78年元町で生れ愛され続けてきたアメリカンハウス――なんてあるんだけど、こんな店、元町にあったっけ……?
とは言え父母に連れられてよく元町に行っていたアノ頃、我が興味の対象は幼子にふさわしく「ファミリア」であり「喜久家」であり、当時まだ輸入食料品店でしか扱っていなかったミルキーウェイであったワケであり、目に入らない・留まらないのはある種当然、道理である。
なので元町商店街のどこかに確かに在ったのだろう。その地元の生え抜きがクイーンズスクエアに店を出したワケである――すばらしい! 大体、再開発などしてピッカピカの駅ビル・ショッピングセンターが建造され、7・8F辺りにレストラン街など出来たりすると、入る顔ぶれは毎度決まって「新宿○○」とか「銀座○○天」とか「とんかつ○○」とか、どの街行っても見た顔・知った顔――これぞセット販売の極み。そんな中、たとえ一店でも地元組の出店などあるのは、止め処ないマンネリズムの氾濫に一矢報いるかのようでちょっと気持ちよい。
クイーンズスクエア横浜[アット!]セカンドに入る店。
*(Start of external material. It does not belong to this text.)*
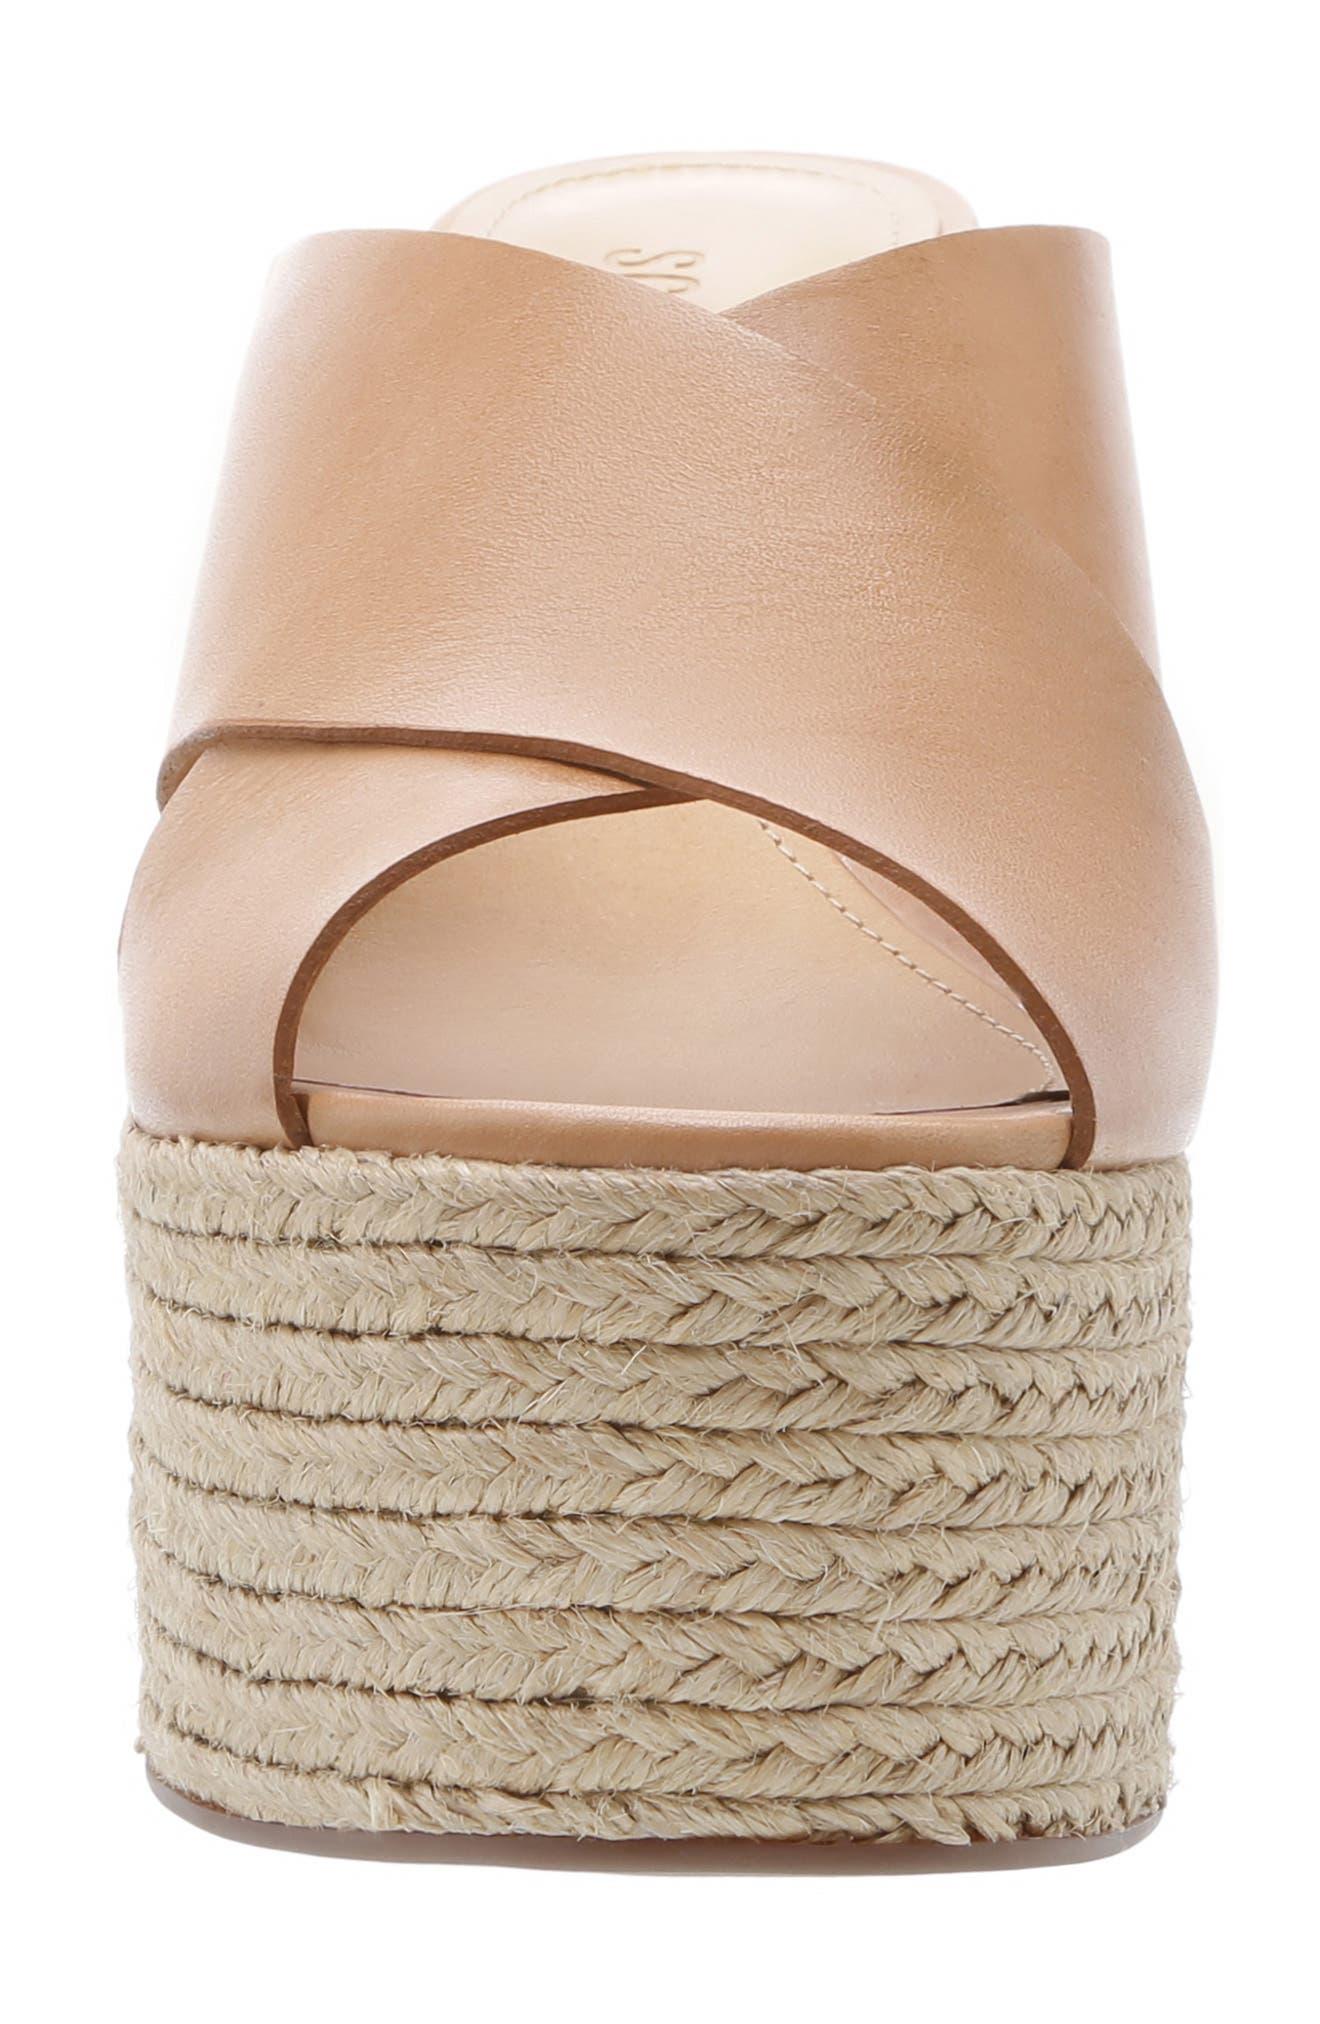 Lora Platform Wedge Sandal,                             Alternate thumbnail 4, color,                             HONEY BEIGE LEATHER

店の手前がフードコートになっているのだが――またはフードコートの"奥に在る"とも――コノ一角、庭先に設えた野鳥のエサ場みたいな印象。小鳥一匹やっと止まれるくらいの"辛うじての"エサ台の上に、遠方よりお越しの渡り鳥ご一行を集めては乗せ集めては乗せ、それで一時の休息を与えてる気に"なっている"……そんなイイカゲンな空気が感じられて、全く良い気がしない。と言うか、私は到底使う気になれない。なのでその奥に構えるコノ店にも同様な印象を持っていたワケなのである――店員がメニューを持って来るまでは。
白と赤の店。ギトギト真っ赤なソファ、白壁一面サインボードにナンバープレート、そしてネオンだらけ。きわめてゴチャゴチャ。フードコートの印象も重なって、さらにゴチャゴチャ……。しかしその印象は店員がメニューを持って来て後、一変……。雑然として落ち着かぬ中、不意を突く礼儀正しい挨拶、丁寧な接客……やはりサービスこそ偉大ですな! ただそれだけのことですっかりイイ気分になってしまう単純さ。
にしても場所が場所、いわば観光地の最前線に押し出されているような店なので、きっと利用客も日々相当な数だろう。店内備品の消耗もちょっと奥まった立地の店とでは比較にならないくらい早いのかも知れない。それもあってか全体にややボロッとした箇所が目に付いて……あぁいや、6月10日から24時間営業になったのね? だからか……掃除する間もないワケで、それがゴチャゴチャの主因だろうか? BGM――70's&80'sヒッツが無節操のてんこ盛り。
アメリカンクラシックチーズバーガー¥980。「自家製でバンズを焼いています。100%ビーフを使用したパティをチャーブロイル(炭焼き)してジューシーに仕上げてあります」フカッとしたバンズは表面白ゴマ、皮にエラク糖分の甘味のあるバターロール系。バンズとしてはちょっと味が立ち過ぎているようにも思うが。
中身はマヨネーズ、チーズ、パティ、やや水気の多過ぎるトマト、単体で食べると辛いがしかし水分を豊かに含んだ生オニオン、フリルレタス、バターを塗った下バンズ(heel)。パティはモヤッとしてかなり地味。それ単体では塩味を持っているようだが、味の主導権はマヨソース+バンズの甘味であり、トマト+オニオンの水分と相俟って全体としても丸い甘味のある、食べやすい味に落ち着いている。個々にはさほどとは思わなかったが、コノ辺りがバーガー的マジックの妙か。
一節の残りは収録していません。